School of Civil and Environmental Engineering, Indian Institute of Technology-Mandi, Mandi, Himachal Pradesh, India.
Department of Geology, University of Delhi, Delhi, India.
Environ Sci Pollut Res Int. 2024 Sep;31(41):53767-53784. doi: 10.1007/s11356-023-28966-z. Epub 2023 Aug 11.
The Northeast part of India is experiencing an increase in infrastructure projects as well as landslides. This study aims to prepare the landslide susceptibility map of Tamenglong and Senapati districts, Manipur, India, and evaluates the state of landslide susceptibility along the Imphal-Jiribam railway corridor. Efficient statistical methods such as frequency ratio (FR), information value (IoV), weight of evidence (WoE), and weighted linear combination (WLC) were used in model preparation. A total of 322 landslide points were randomly divided into training (70%) and testing (30%) datasets. Nine causative factors were utilized for landslide susceptibility mapping (LSM). The importance of which was obtained using the information gain (IG) method. FR, IoV, WoE, and WLC were used to prepare the LSM using the training datasets and nine causative factors. Moreover, the accuracy and consistency were evaluated using AUC-ROC, precision, recall, overall accuracy (OA), balanced accuracy (BA), and F-score. The validation results showed that all methods performed well with the highest AUC and precision values of 0.913 and 0.95, respectively, for the IoV method, while the WLC method had the highest OA, BA, and F-score values of 0.808, 0.81, and 0.812, respectively. Finally, the results from LSM were used to evaluate the state of landslide susceptibility along the Imphal-Jiribam railway corridor. The results showed that 34% of the areas had high and very high susceptibility, while 40% were under less and significantly less susceptibility. The Tupul landslide area lay in medium susceptibility where the disastrous landslide occurred on 30 June 2022. Susceptibility values around the Noney and Khongsag railway station ranged from high to very high susceptibility. Thus, the study manifests the need for LSM preparation in rapidly constructing areas, which in turn will help the policymakers and planners for adopting strategies to minimize losses caused due to landslides.

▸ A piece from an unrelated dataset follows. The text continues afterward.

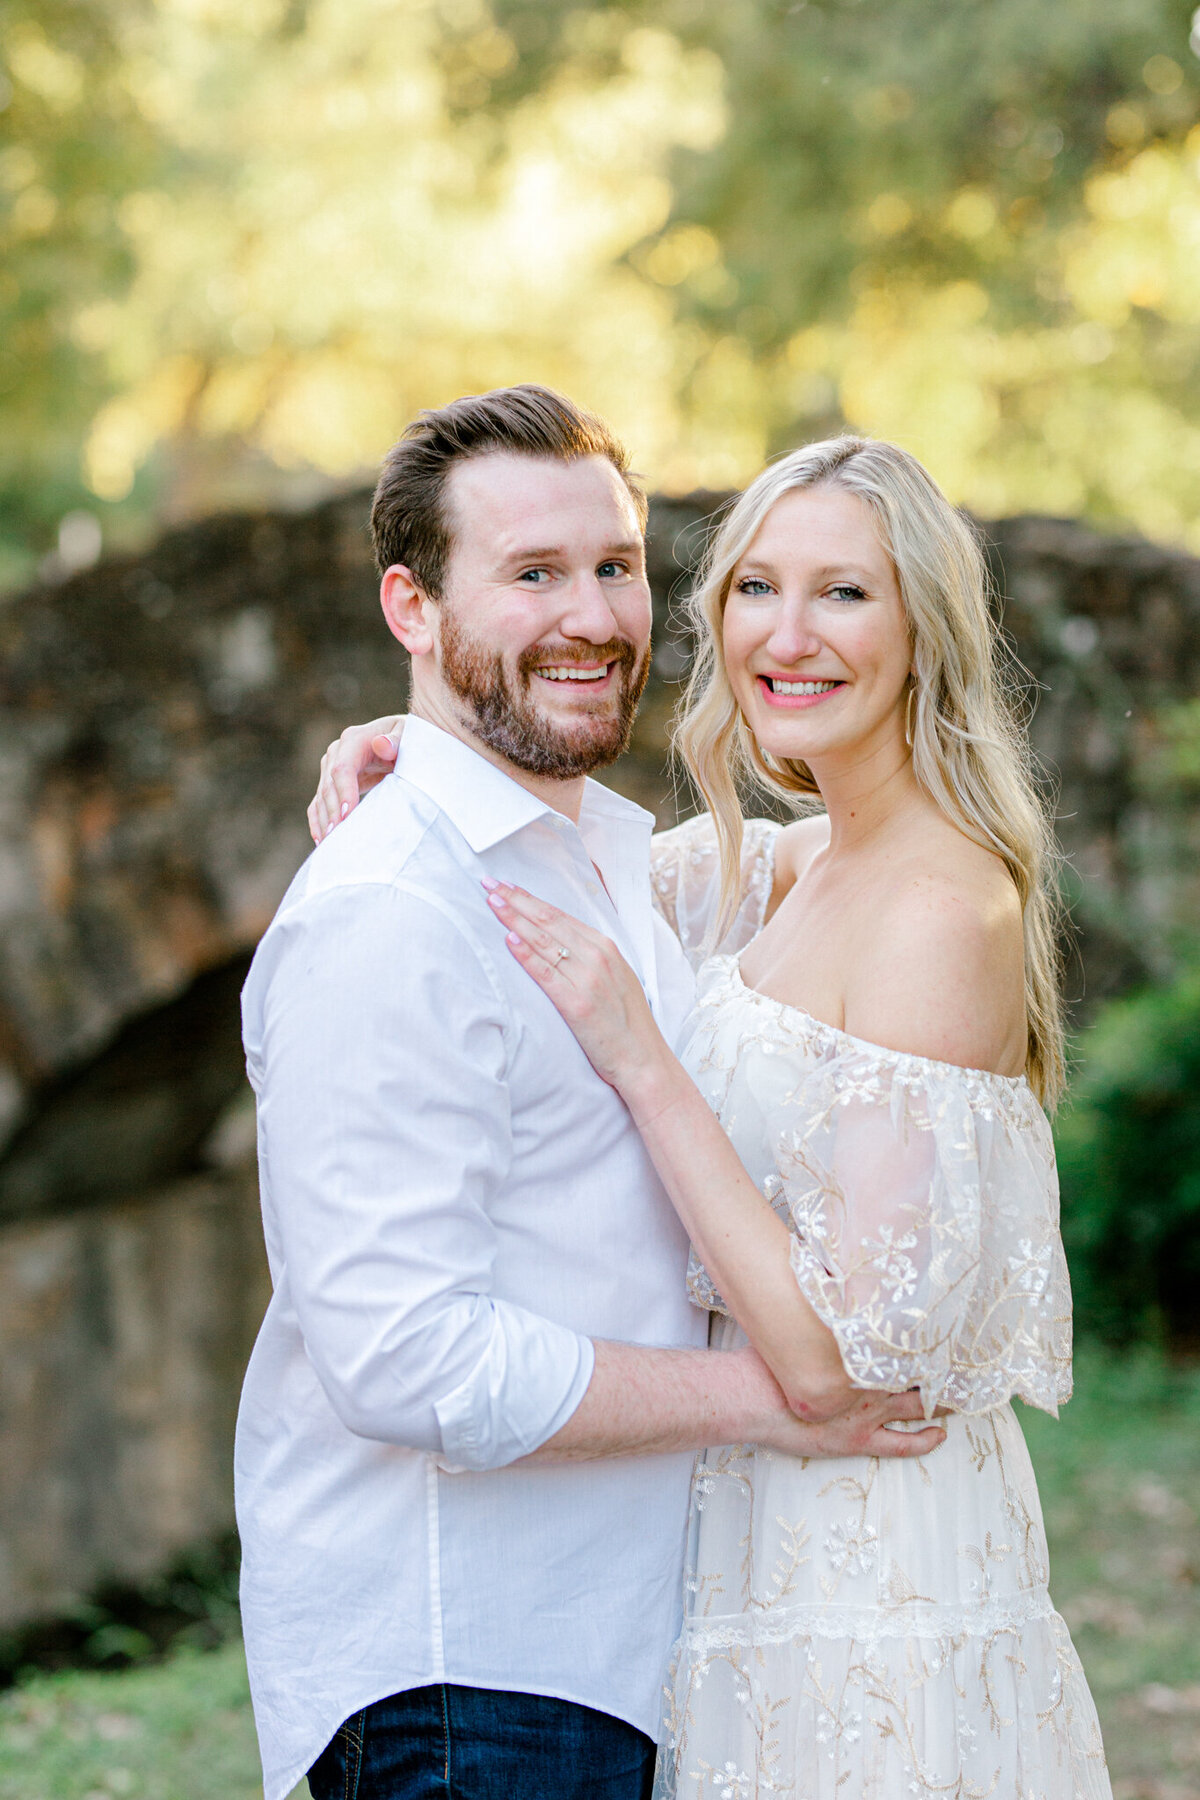 Jessica & Blake Engagement Session at Reverchon Park | Dallas Wedding Photographer-2

印度东北部地区的基础设施项目和山体滑坡都有所增加。本研究旨在制作印度曼尼普尔邦坦萌龙和森帕蒂地区的滑坡易发性图,并评估因帕尔-哲雷姆铁路沿线的滑坡易发性状况。在模型准备过程中,使用了频率比(FR)、信息量(IoV)、证据权重(WoE)和加权线性组合(WLC)等高效统计方法。总共随机划分了 322 个滑坡点,分为训练(70%)和测试(30%)数据集。利用九个诱发因素进行滑坡易发性制图(LSM)。利用信息增益(IG)法获得了这些因素的重要性。使用 FR、IoV、WoE 和 WLC 利用训练数据集和九个诱发因素准备 LSM。此外,还使用 AUC-ROC、精度、召回率、总体精度(OA)、平衡精度(BA)和 F 值评估准确性和一致性。验证结果表明,所有方法的表现都很好,IoV 方法的 AUC 和精度最高,分别为 0.913 和 0.95,而 WLC 方法的 OA、BA 和 F 值最高,分别为 0.808、0.81 和 0.812。最后,利用 LSM 评估因帕尔-哲雷姆铁路沿线的滑坡易发性状况。结果表明,34%的地区具有高和极高的易发性,而 40%的地区处于低和显著低的易发性。图普尔滑坡区处于中等易发性,2022 年 6 月 30 日发生了灾难性滑坡。农尼和洪萨火车站周围的滑坡易发性值从高到极高。因此,该研究表明在快速建设地区需要进行 LSM 准备,这反过来将有助于决策者和规划者采取策略,以最大限度地减少滑坡造成的损失。